When William Caxton set up England’s first printing press in 1476, he had to choose letter forms that fit his typefaces—imported from the Low Countries. That decision standardized English letters once and for all.

Gone were regional quirks; in came consistent shapes and spacing. But Caxton’s choices also froze certain spellings that no longer matched pronunciation—a mismatch we still live with.


VII. Lost Letters and Forgotten Friends

Early Modern English had a few extra letters that later disappeared:

LetterNameSoundSurvived AsExample
ʃ (long s)“long s”like s in samemodern sſucceſs
Ȝyoghy or g/h soundy or g/hniȝt → night
&ampersandandsymbol onlyTom & Jerry

Even the ampersand was once the 27th letter of the alphabet, taught as “and per se and.”


VIII. The Arrival of J and U

Two of our “standard” letters are surprisingly young.

  • J began as a decorative version of I. It became its own letter in the 1600s, distinguishing jam from iam.
  • U split from V around the same time. In medieval texts, v appeared at the start of words and u inside them, regardless of sound.

Only in the Renaissance did scholars decide to treat U and V—and later I and J—as distinct letters.


IX. The Influence of Empire and Technology

As Britain’s empire spread, English absorbed words from hundreds of languages—Arabic, Hindi, Maori, Swahili, Japanese. Each was squeezed into the Latin alphabet, forcing creative spellings:

  • tsunami (Japanese)
  • yacht (Dutch)
  • safari (Arabic → Swahili)

Then came the typewriter, which favored uniform uppercase shapes, and later, digital keyboards that cemented the 26-letter set worldwide.


X. Could the Alphabet Change Again?

Maybe.
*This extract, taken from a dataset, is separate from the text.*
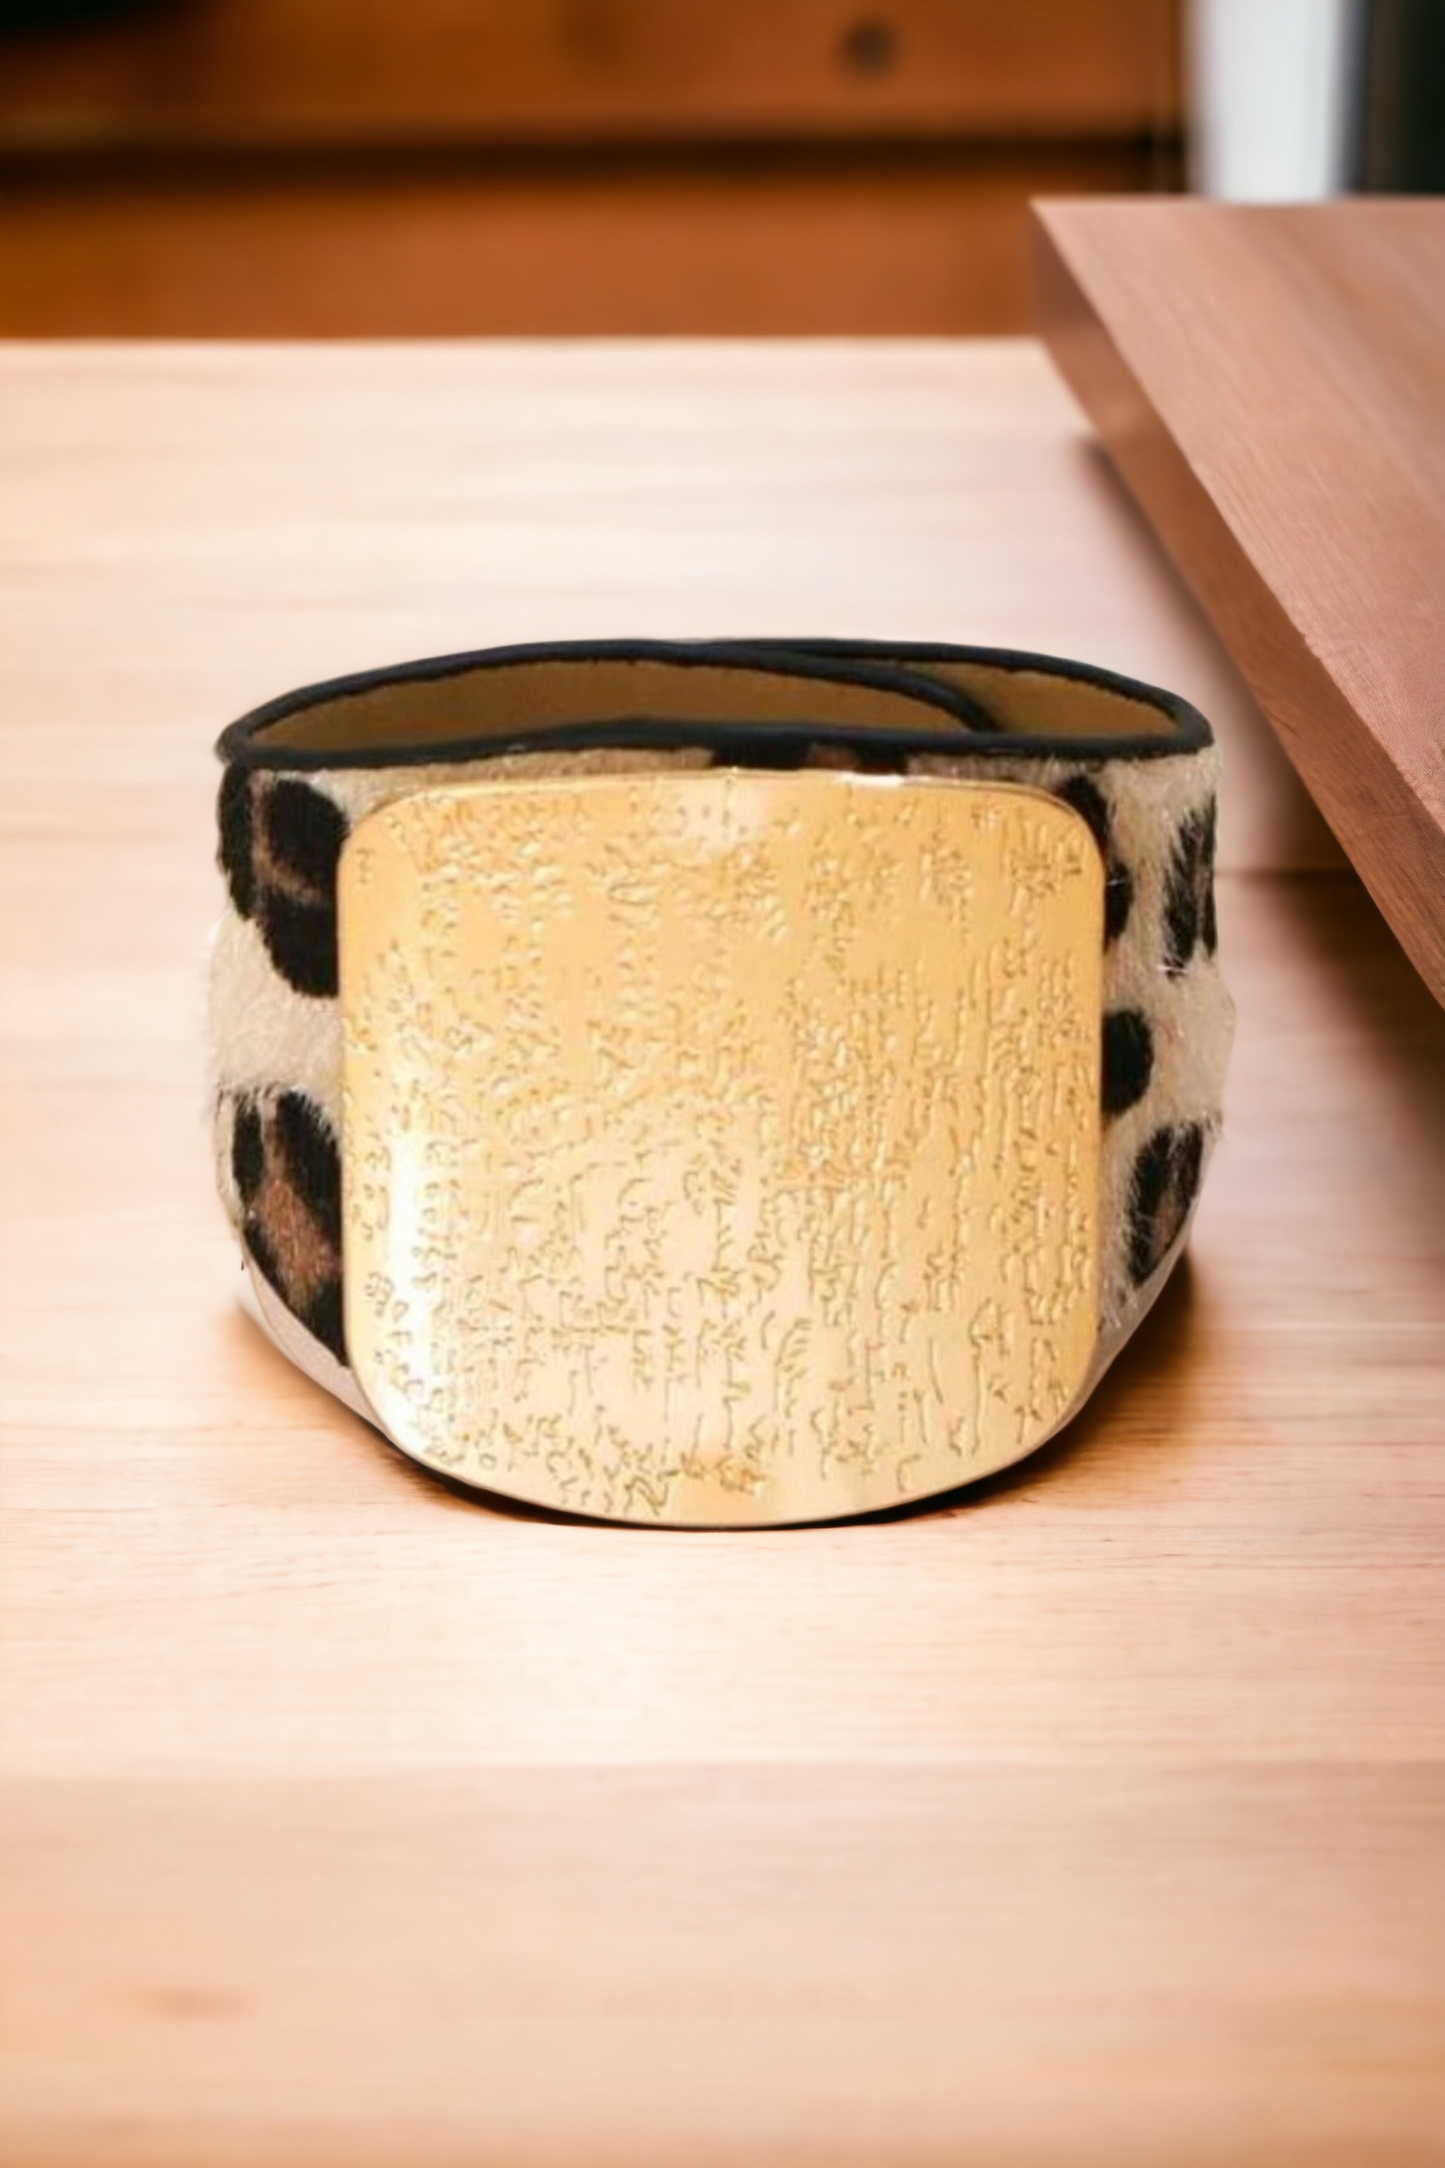 The golden leopard bracelet

New symbols appear whenever technology demands them:

  • @ was rescued from obscurity by email.
  • # became the hashtag.
  • Emoji function as a kind of parallel writing system—mini hieroglyphs for a visual age.

English letters have never been frozen; they adapt to every new medium.


XI. Why Twenty-Six Works So Well

Despite all the upheaval, the 26-letter alphabet remains efficient because:

  1. It’s compact—few symbols, infinite combinations.
  2. It’s flexible—letters can represent multiple sounds.
  3. It’s global—keyboards, typefaces, and codes all rely on it.

Every tweet, novel, or text message traces back to the same ancient idea: reduce language to a handful of symbols and let imagination do the rest.


XII. Final Thoughts: Our Alphabet as Archaeology

Every letter of English carries centuries of history. The A you write began as an ox’s head in Phoenician script. The B came from a picture of a house. The C, once a boomerang-shaped tool, traveled from Greece to Rome to London.

When you write a simple sentence, you’re touching something that’s been evolving for 3,000 years.

The alphabet is more than a writing system—it’s humanity’s longest-running collaboration.